Since the Federal Communications Commission (FCC) blocked the AT&T/T-Mobile merger, wireless data prices have been rising in the form of higher prices and new caps. The reason is simple. Operators are running out of capacity and have little faith that the FCC can source new usable spectrum.  

MetroPCS, for one, could have benefited from the likely spectrum sales that would have resulted from an approved AT&T/T-Mobile merger (for more information, click here). Instead, MetroPCS and other wireless operators are likely to simply increase pricing on the limited, remaining capacity on their networks.

The FCC’s latest attempts to source spectrum include blocks that would take between five and 10 years to clear. That clearly is not quick enough for MetroPCS, which has been upgrading their network and now will resort to price hikes to deal with their near term capacity demands.  ?
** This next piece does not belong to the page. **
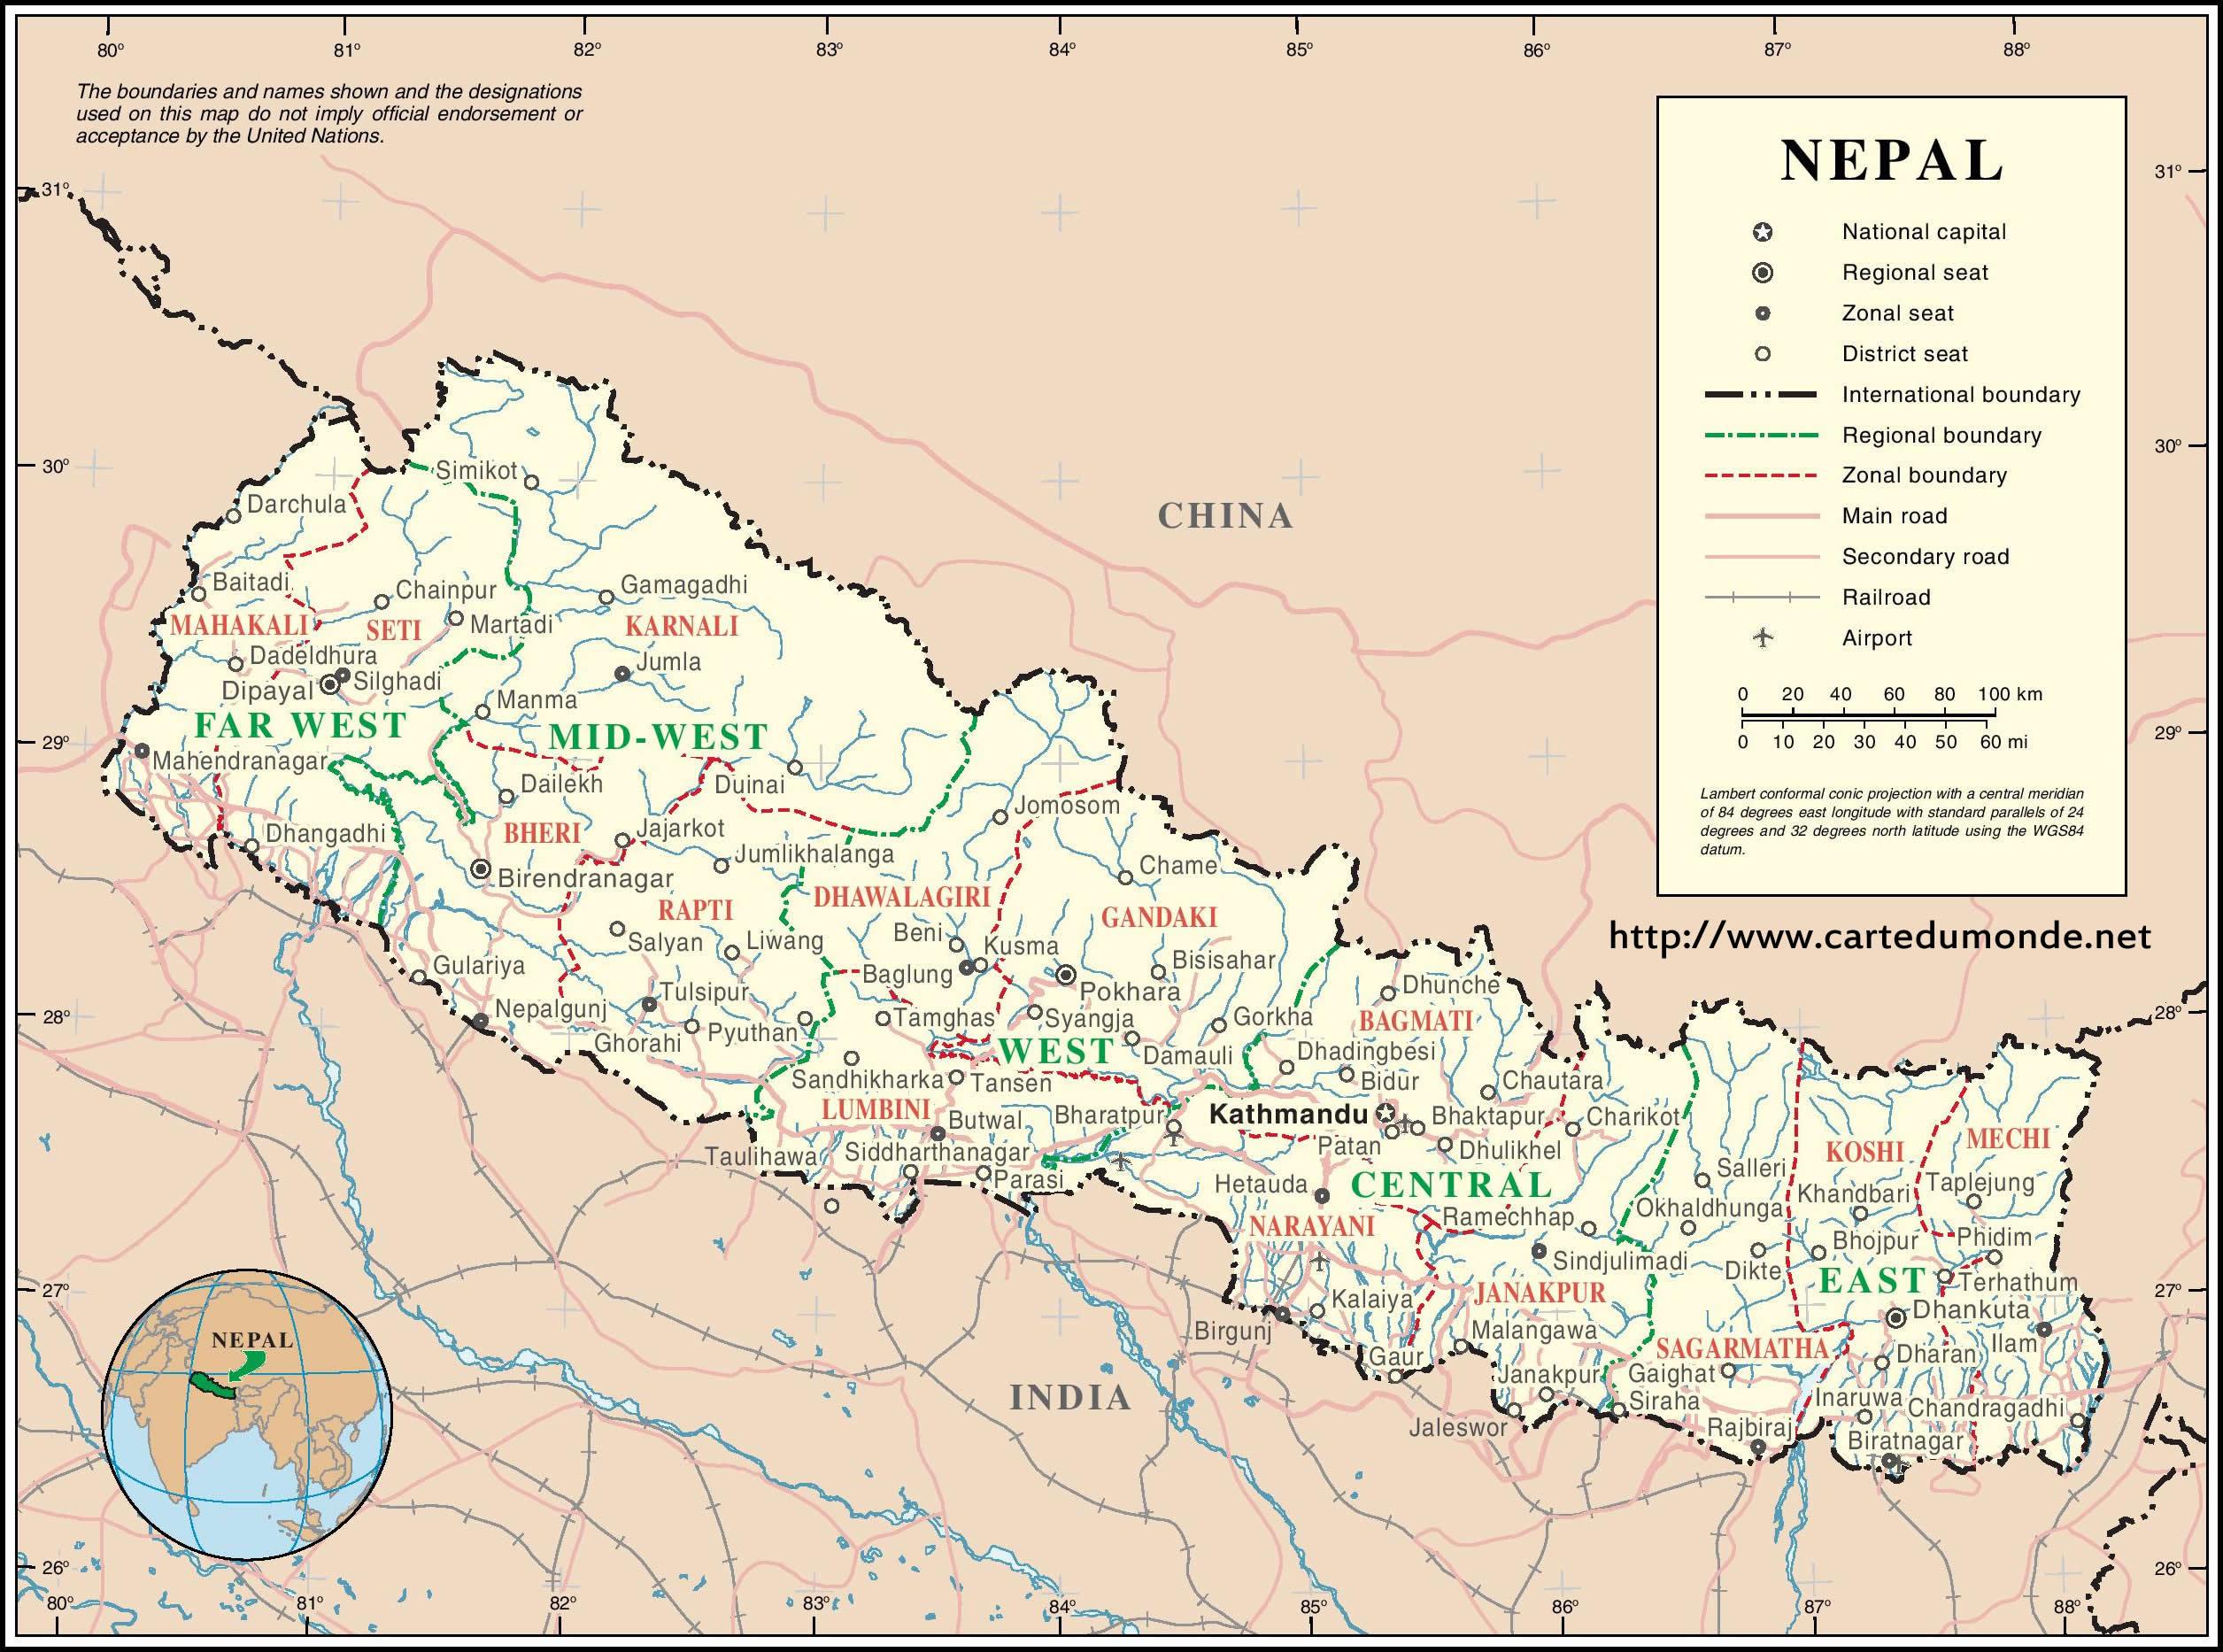 Agrandar el mapa Nepal en el mapa mundial

As data prices rise, the value of the underlying spectrum should rise with it.  Spectrum is in greatest need in the most population dense areas of the country. This is why spectrum in New York commands a higher price than less populous areas in past regional auctions of spectrum.  

Low frequencies in the 700 MHz and 800 MHz bands are valuable when building out a national network. However, when adding capacity, there should not be as material a value difference between 2.5 GHz (owned by Clearwire) and the 1.7 GHz-2.1 GHz bands the FCC is trying to restructure through its current Notice of Proposed Rulemaking. There is wide belief that granting a waiver to Dish would create a windfall for spectrum that was purchased for $0.25/MHz/POP.  

(Editor’s note: To read this opinion piece in its entirety,? click here.)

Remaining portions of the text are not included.